[DATA FOR PROCESSING — start]

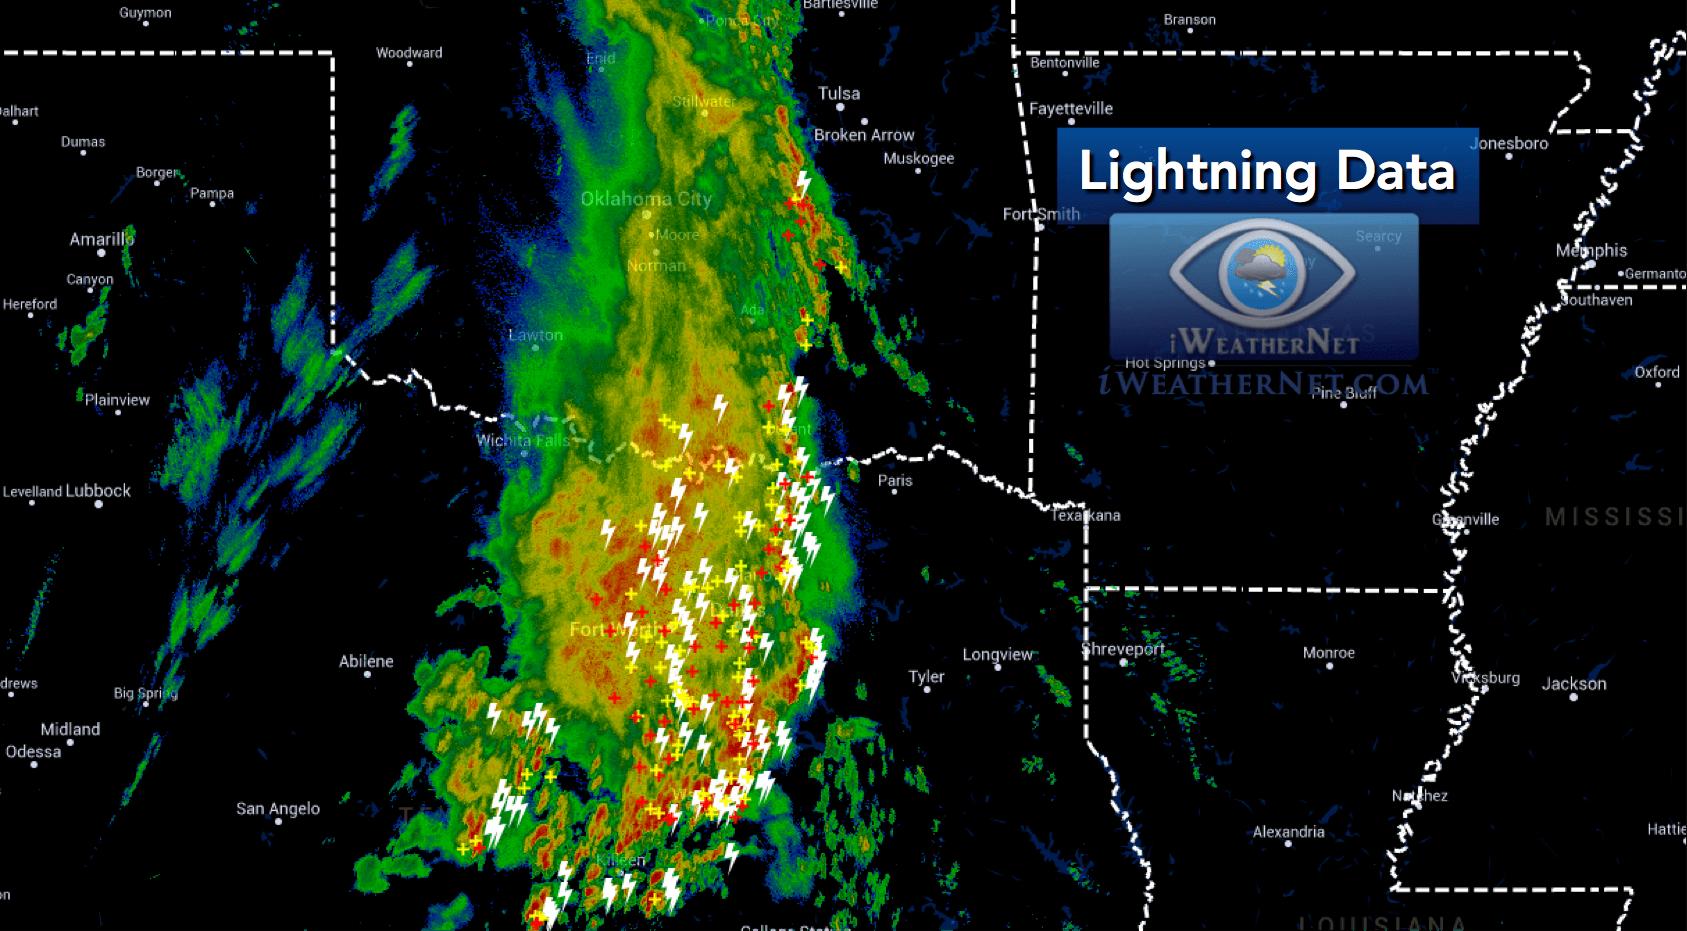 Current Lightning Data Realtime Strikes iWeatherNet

[DATA FOR PROCESSING — finish]
[DATA FOR PROCESSING — start]

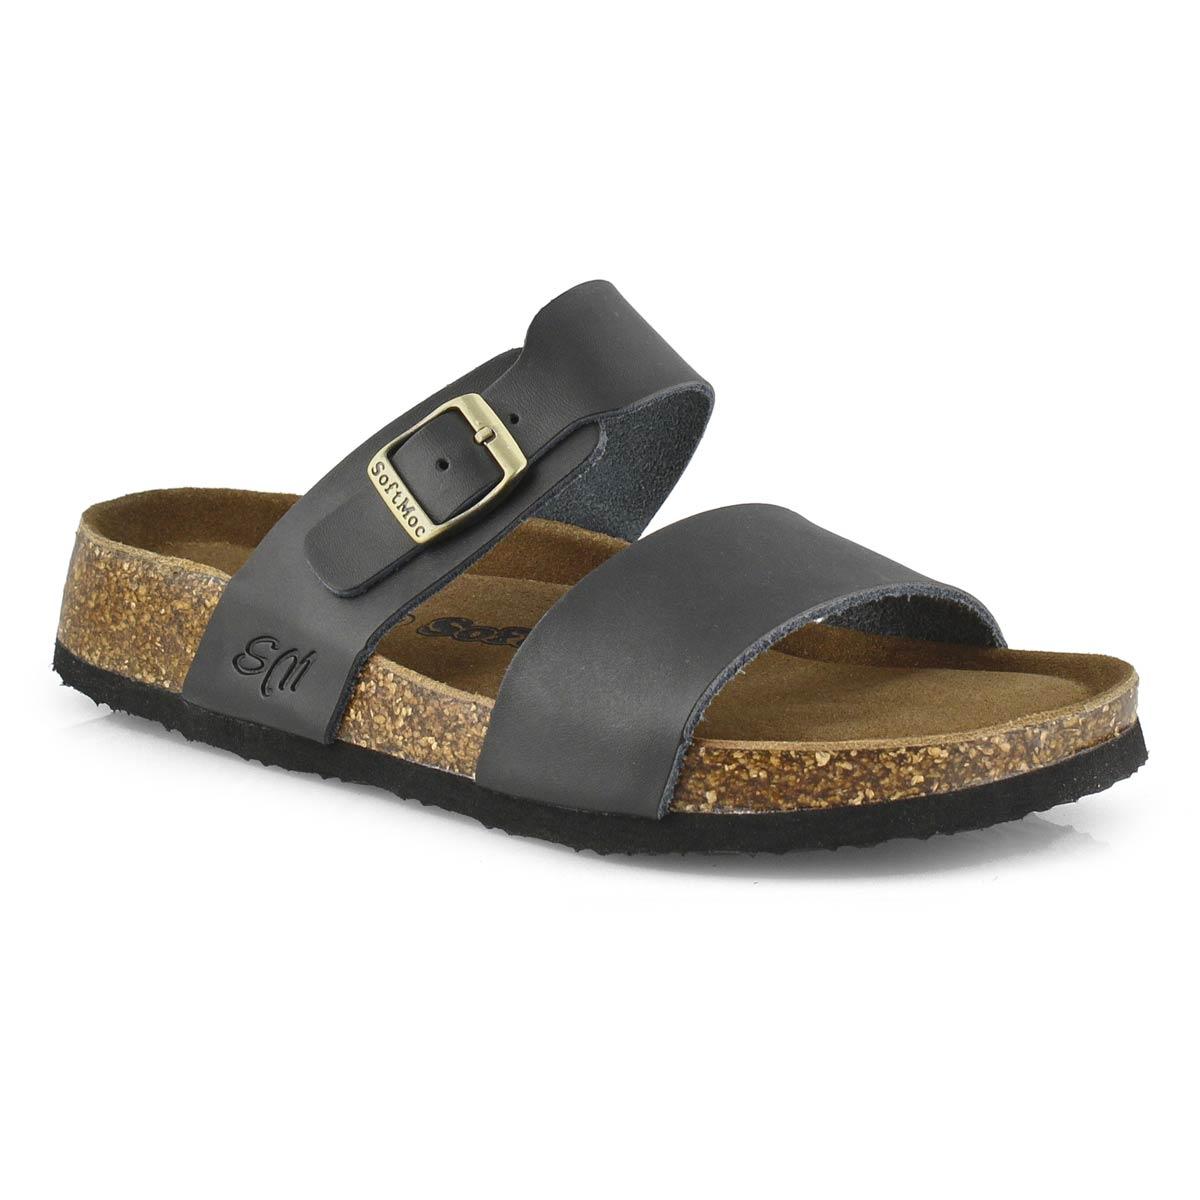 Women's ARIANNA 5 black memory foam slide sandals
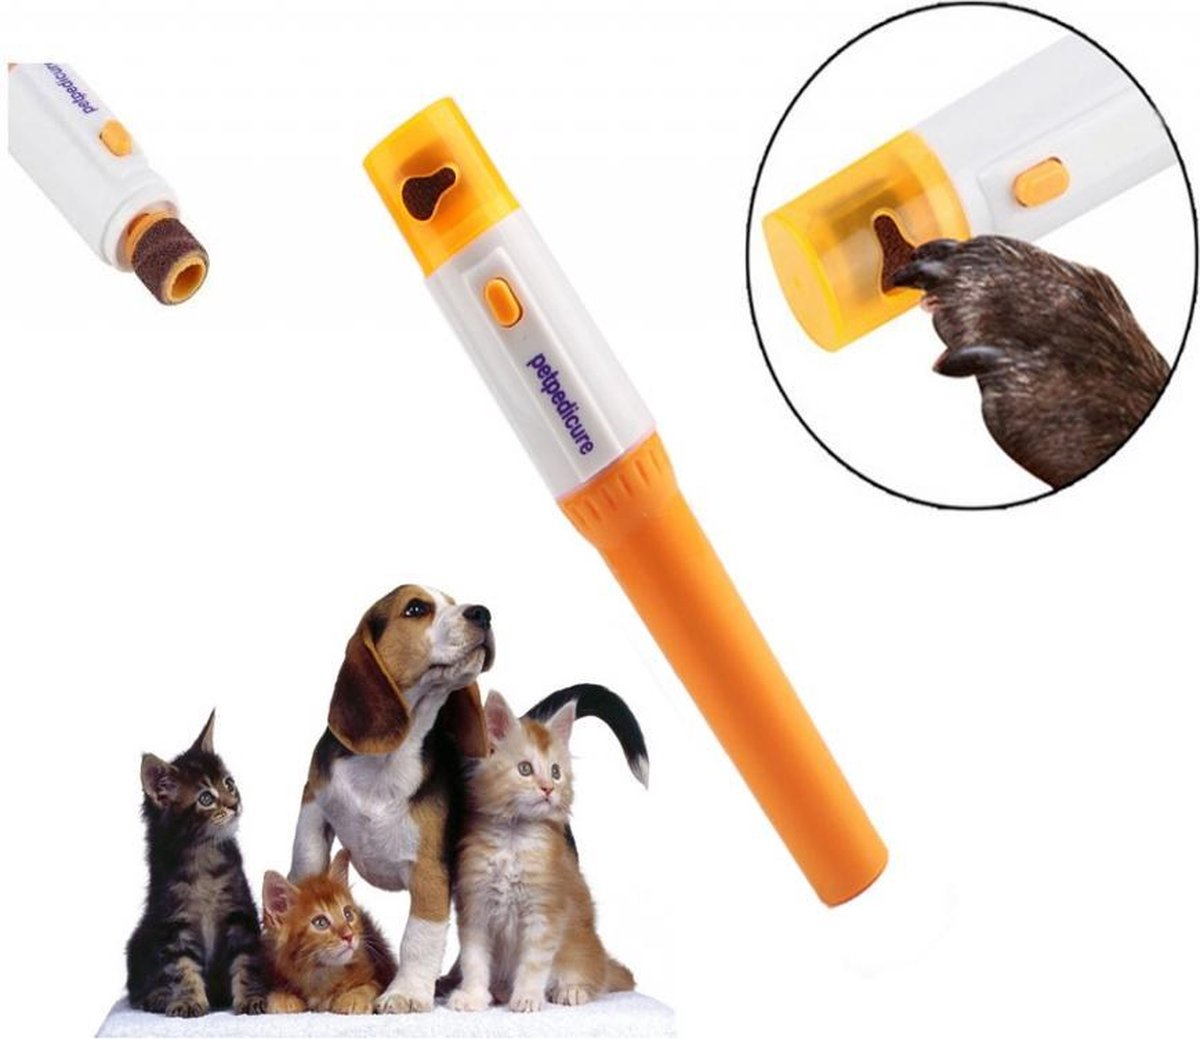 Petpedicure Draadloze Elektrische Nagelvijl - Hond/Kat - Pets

[DATA FOR PROCESSING — finish]

▶ **ABOUT THIS EXERCISE**
Using the material above, transcribe exactly the lines from the one holding "Women's ARIANNA 5" to the one holding "Petpedicure Draadloze Elektrische", both ends kept. Do not carry over any pictures.

▶ **TASK OUTPUT**
 Women's ARIANNA 5 black memory foam slide sandals
 Petpedicure Draadloze Elektrische Nagelvijl - Hond/Kat - Pets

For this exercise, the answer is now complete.